# Exercise aim:
Extract the stretch of lines that starts at the line with "Aubaho Skulptur Bronzeskulptur" and ends at the last line of the data below. Give it exactly, without pictures.

# Given information:
=====

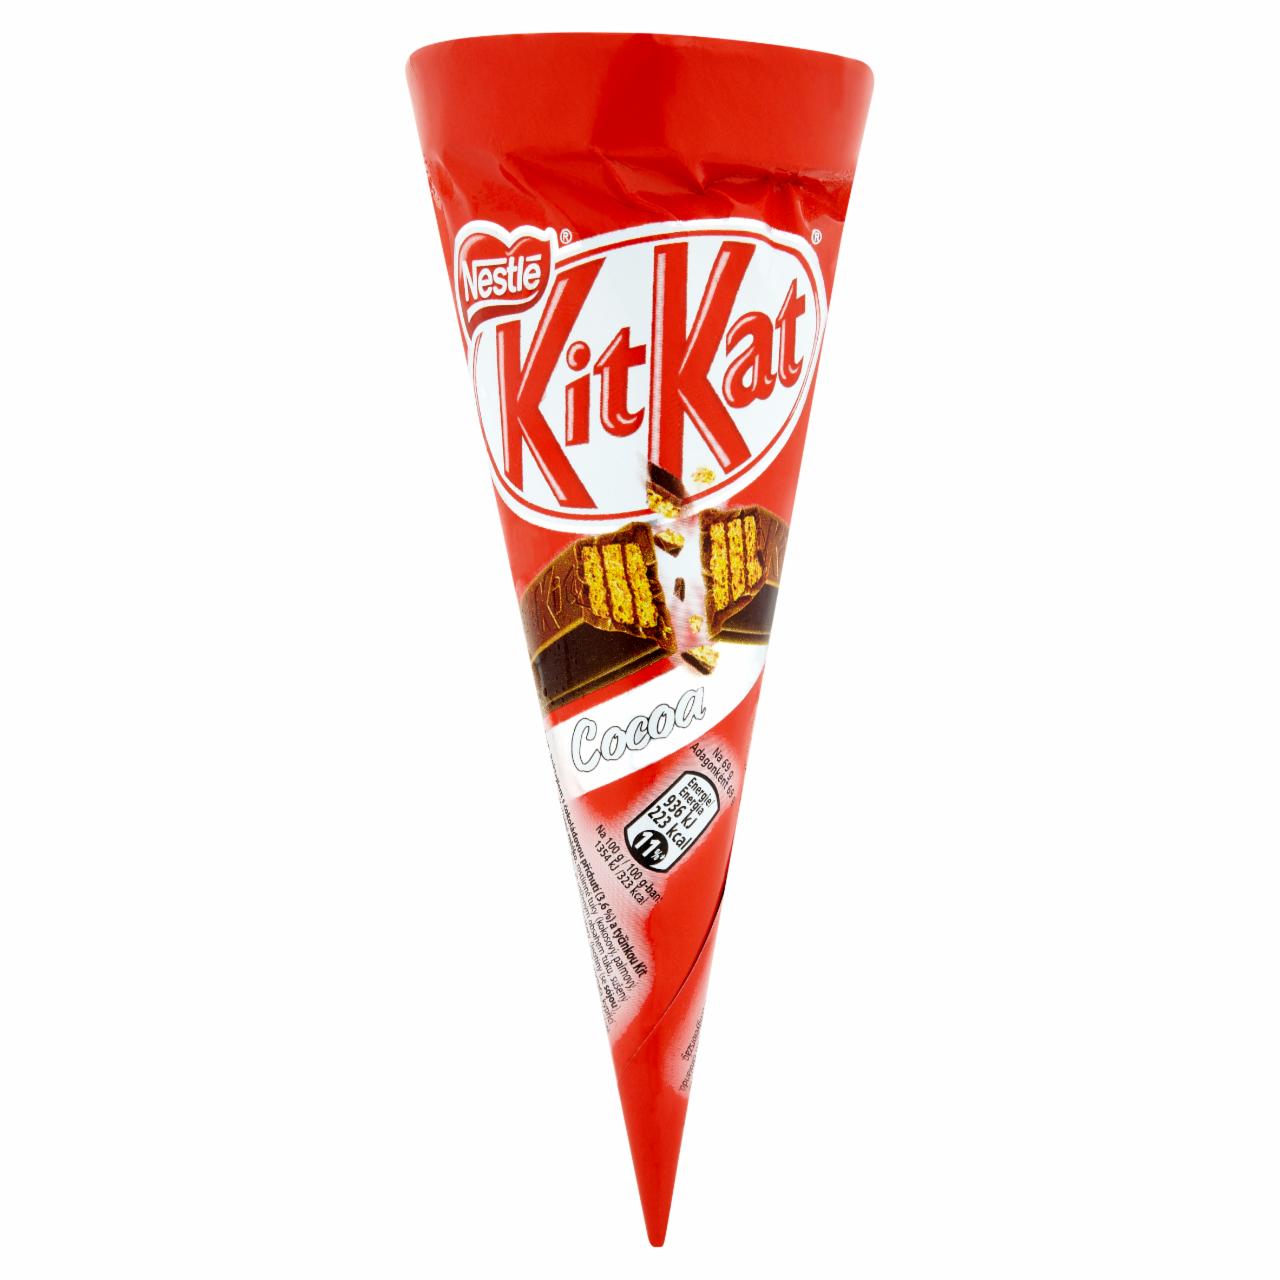 Képek - Nestlé Kit Kat csokoládés jégkrém 110 ml
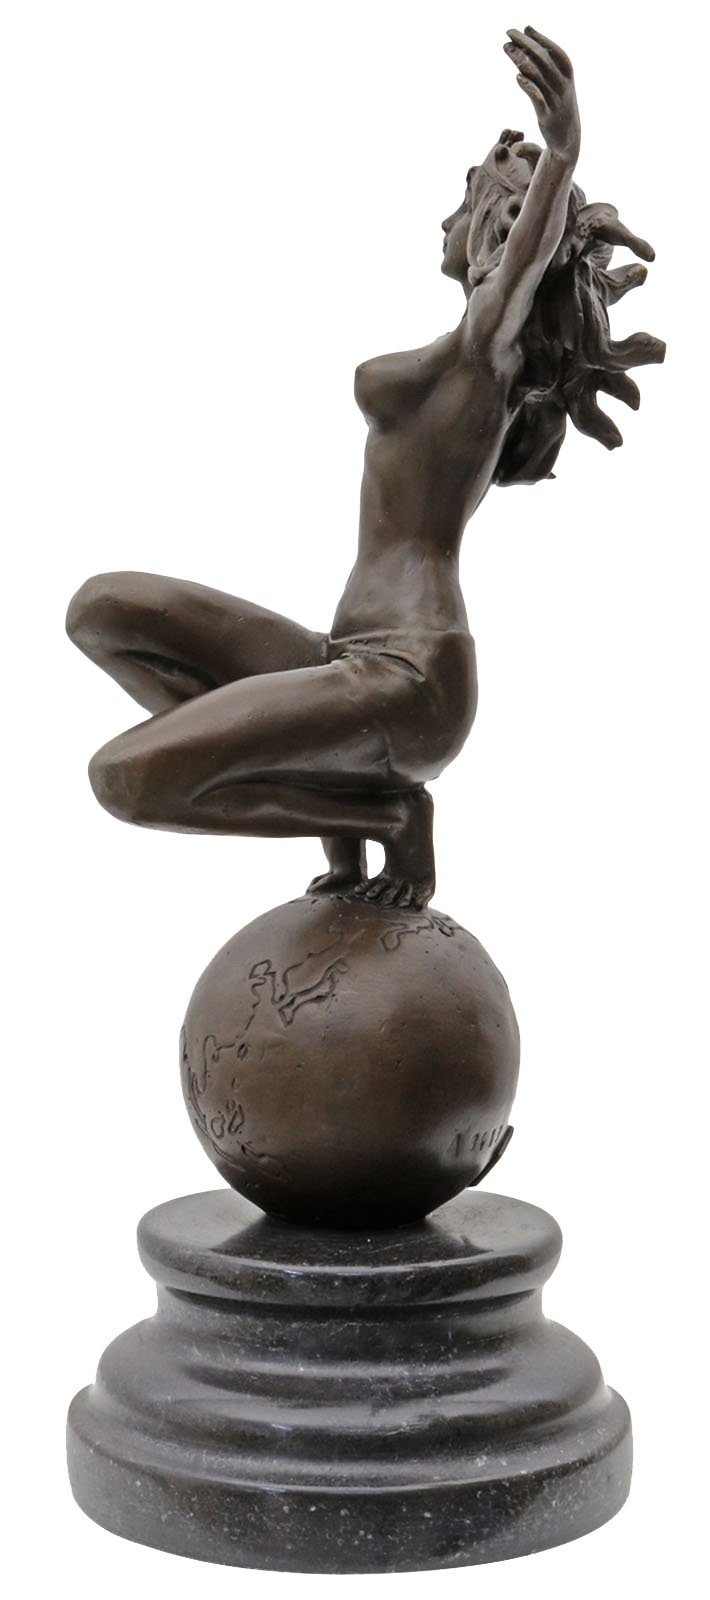 Aubaho Skulptur Bronzeskulptur Frau Weltkugel im Antik-Stil Figur Bronze Erotik Statue
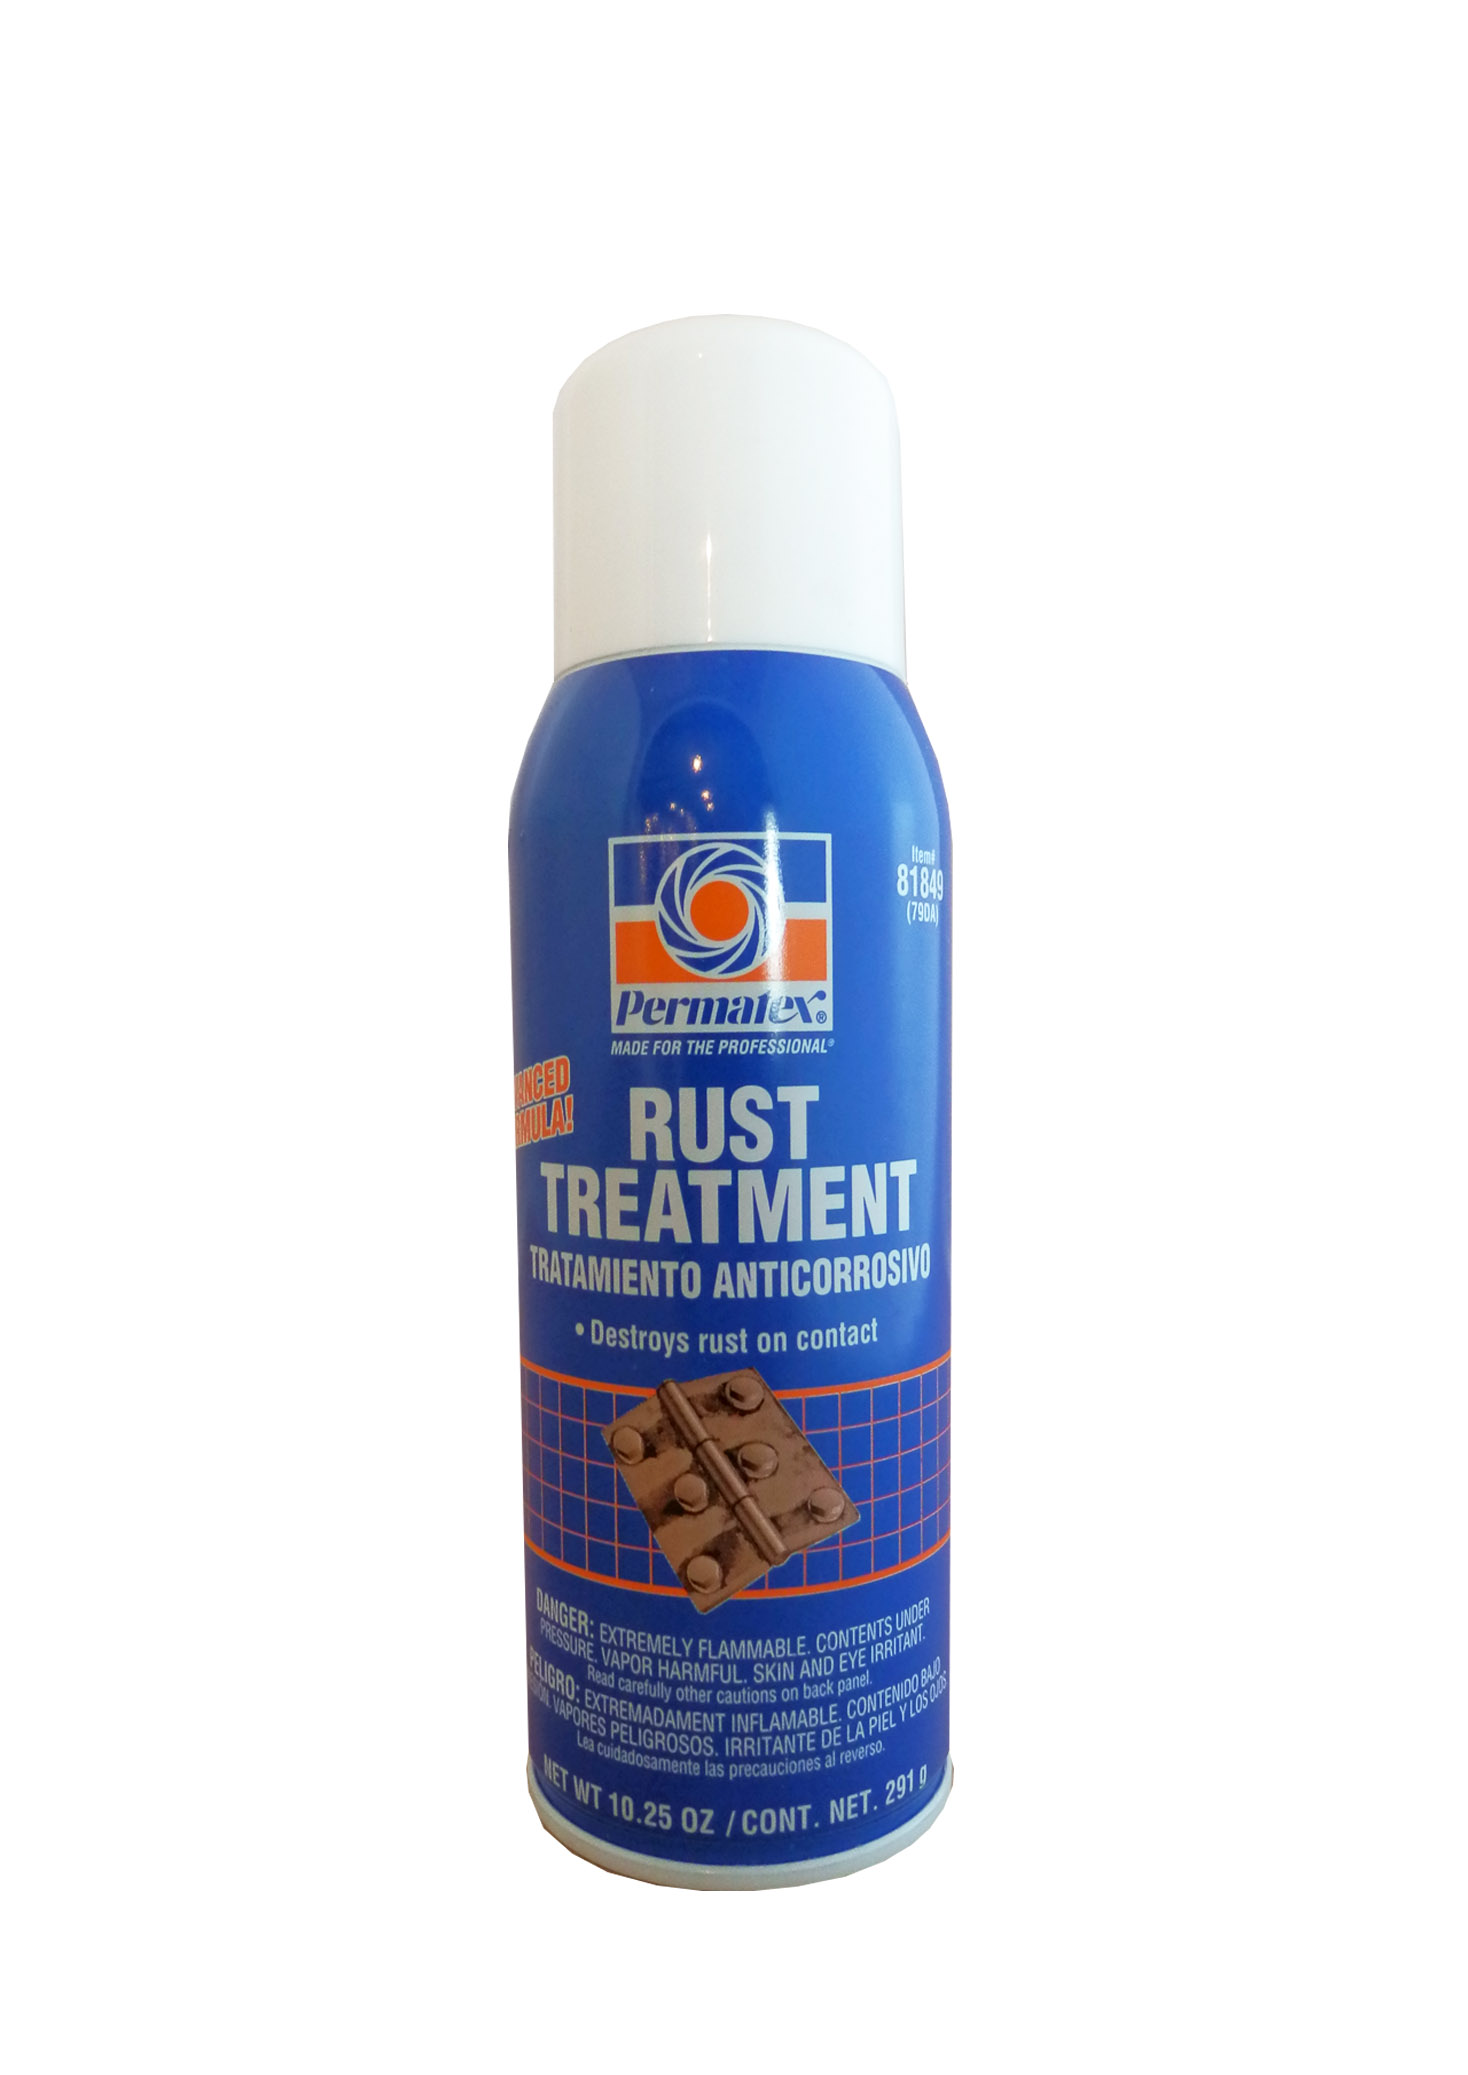 Rust treatment цена фото 88

=====

# Final answer:
 Aubaho Skulptur Bronzeskulptur Frau Weltkugel im Antik-Stil Figur Bronze Erotik Statue
 Rust treatment цена фото 88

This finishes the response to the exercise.